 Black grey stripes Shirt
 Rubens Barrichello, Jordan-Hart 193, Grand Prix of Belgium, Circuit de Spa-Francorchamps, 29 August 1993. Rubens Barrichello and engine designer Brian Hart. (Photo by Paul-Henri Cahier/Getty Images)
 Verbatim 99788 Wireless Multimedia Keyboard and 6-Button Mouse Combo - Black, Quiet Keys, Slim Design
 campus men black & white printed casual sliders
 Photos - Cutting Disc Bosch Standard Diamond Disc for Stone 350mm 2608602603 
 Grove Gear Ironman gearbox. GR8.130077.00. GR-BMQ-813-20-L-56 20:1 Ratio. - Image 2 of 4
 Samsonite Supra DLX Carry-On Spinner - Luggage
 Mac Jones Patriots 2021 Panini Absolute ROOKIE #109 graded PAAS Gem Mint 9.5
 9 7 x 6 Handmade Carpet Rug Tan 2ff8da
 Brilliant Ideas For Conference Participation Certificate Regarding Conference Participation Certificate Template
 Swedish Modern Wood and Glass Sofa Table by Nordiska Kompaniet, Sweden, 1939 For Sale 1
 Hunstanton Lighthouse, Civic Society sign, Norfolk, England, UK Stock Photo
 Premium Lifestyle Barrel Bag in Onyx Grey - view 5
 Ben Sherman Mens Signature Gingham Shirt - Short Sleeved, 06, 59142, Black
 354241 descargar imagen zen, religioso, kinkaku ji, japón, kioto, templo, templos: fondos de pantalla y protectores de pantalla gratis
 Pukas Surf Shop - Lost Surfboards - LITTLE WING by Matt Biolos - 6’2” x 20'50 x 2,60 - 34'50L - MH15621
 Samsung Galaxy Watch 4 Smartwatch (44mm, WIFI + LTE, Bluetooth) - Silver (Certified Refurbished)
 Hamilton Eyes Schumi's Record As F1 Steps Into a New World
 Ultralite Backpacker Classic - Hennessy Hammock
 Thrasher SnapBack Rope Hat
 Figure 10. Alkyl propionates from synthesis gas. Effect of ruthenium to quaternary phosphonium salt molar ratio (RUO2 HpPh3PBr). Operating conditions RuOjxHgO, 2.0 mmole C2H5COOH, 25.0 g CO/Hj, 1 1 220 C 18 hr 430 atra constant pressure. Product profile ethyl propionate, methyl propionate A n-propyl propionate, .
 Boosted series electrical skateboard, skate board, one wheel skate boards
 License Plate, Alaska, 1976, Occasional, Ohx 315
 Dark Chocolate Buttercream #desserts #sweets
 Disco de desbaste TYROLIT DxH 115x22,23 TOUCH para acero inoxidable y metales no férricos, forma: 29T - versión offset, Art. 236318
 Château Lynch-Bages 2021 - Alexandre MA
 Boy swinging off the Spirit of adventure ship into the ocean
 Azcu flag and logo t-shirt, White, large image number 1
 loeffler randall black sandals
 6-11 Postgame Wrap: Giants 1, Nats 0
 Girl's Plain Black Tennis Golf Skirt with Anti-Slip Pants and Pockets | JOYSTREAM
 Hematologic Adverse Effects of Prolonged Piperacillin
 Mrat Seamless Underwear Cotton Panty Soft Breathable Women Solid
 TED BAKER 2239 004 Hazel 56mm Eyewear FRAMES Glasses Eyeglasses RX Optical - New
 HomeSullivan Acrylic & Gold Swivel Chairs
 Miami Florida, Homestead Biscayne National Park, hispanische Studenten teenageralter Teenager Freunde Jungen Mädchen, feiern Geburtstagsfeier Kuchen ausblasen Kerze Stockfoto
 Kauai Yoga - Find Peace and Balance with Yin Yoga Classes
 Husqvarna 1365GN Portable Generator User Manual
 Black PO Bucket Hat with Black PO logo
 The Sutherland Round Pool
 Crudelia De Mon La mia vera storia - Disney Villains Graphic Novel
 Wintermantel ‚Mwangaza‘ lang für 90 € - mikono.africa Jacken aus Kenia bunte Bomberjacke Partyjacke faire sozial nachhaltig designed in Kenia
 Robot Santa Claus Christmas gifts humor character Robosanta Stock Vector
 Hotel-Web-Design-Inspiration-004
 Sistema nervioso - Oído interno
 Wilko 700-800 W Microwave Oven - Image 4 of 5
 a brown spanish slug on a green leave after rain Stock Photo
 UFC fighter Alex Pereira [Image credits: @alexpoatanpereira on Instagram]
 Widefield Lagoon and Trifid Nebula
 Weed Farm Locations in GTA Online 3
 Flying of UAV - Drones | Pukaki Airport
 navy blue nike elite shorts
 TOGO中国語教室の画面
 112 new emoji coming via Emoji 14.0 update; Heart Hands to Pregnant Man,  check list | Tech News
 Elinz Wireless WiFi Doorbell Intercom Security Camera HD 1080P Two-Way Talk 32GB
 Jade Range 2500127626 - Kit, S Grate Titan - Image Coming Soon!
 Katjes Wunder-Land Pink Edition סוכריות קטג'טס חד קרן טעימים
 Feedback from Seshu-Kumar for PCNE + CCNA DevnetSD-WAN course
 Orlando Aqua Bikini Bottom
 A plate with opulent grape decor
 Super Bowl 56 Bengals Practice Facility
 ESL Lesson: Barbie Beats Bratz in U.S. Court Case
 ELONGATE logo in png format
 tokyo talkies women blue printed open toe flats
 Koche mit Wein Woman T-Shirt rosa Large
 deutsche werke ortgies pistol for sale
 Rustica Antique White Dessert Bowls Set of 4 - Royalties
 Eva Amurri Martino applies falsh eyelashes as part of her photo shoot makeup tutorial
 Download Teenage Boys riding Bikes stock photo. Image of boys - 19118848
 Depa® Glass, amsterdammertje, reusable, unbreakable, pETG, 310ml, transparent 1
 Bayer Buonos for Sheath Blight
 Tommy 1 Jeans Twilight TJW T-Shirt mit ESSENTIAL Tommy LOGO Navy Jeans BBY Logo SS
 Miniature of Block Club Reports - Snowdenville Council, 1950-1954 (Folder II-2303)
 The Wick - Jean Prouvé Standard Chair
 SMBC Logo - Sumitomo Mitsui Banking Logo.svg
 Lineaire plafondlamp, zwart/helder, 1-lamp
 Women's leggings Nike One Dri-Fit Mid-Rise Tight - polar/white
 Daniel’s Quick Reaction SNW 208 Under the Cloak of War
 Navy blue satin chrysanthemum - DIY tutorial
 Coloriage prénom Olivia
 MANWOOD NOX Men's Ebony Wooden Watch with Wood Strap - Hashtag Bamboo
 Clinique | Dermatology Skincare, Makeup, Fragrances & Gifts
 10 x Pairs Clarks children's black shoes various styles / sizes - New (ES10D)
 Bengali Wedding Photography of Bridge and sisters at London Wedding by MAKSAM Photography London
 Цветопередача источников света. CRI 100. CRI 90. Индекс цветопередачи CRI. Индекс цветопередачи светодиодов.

———

*What to work on*
Could you set down, exactly as written, the lines above between the one holding "Hotel-Web-Design-Inspiration-004" and the one holding "Eva Amurri Martino", inclusive, and nothing more?

*Task output*
 Hotel-Web-Design-Inspiration-004
 Sistema nervioso - Oído interno
 Wilko 700-800 W Microwave Oven - Image 4 of 5
 a brown spanish slug on a green leave after rain Stock Photo
 UFC fighter Alex Pereira [Image credits: @alexpoatanpereira on Instagram]
 Widefield Lagoon and Trifid Nebula
 Weed Farm Locations in GTA Online 3
 Flying of UAV - Drones | Pukaki Airport
 navy blue nike elite shorts
 TOGO中国語教室の画面
 112 new emoji coming via Emoji 14.0 update; Heart Hands to Pregnant Man,  check list | Tech News
 Elinz Wireless WiFi Doorbell Intercom Security Camera HD 1080P Two-Way Talk 32GB
 Jade Range 2500127626 - Kit, S Grate Titan - Image Coming Soon!
 Katjes Wunder-Land Pink Edition סוכריות קטג'טס חד קרן טעימים
 Feedback from Seshu-Kumar for PCNE + CCNA DevnetSD-WAN course
 Orlando Aqua Bikini Bottom
 A plate with opulent grape decor
 Super Bowl 56 Bengals Practice Facility
 ESL Lesson: Barbie Beats Bratz in U.S. Court Case
 ELONGATE logo in png format
 tokyo talkies women blue printed open toe flats
 Koche mit Wein Woman T-Shirt rosa Large
 deutsche werke ortgies pistol for sale
 Rustica Antique White Dessert Bowls Set of 4 - Royalties
 Eva Amurri Martino applies falsh eyelashes as part of her photo shoot makeup tutorial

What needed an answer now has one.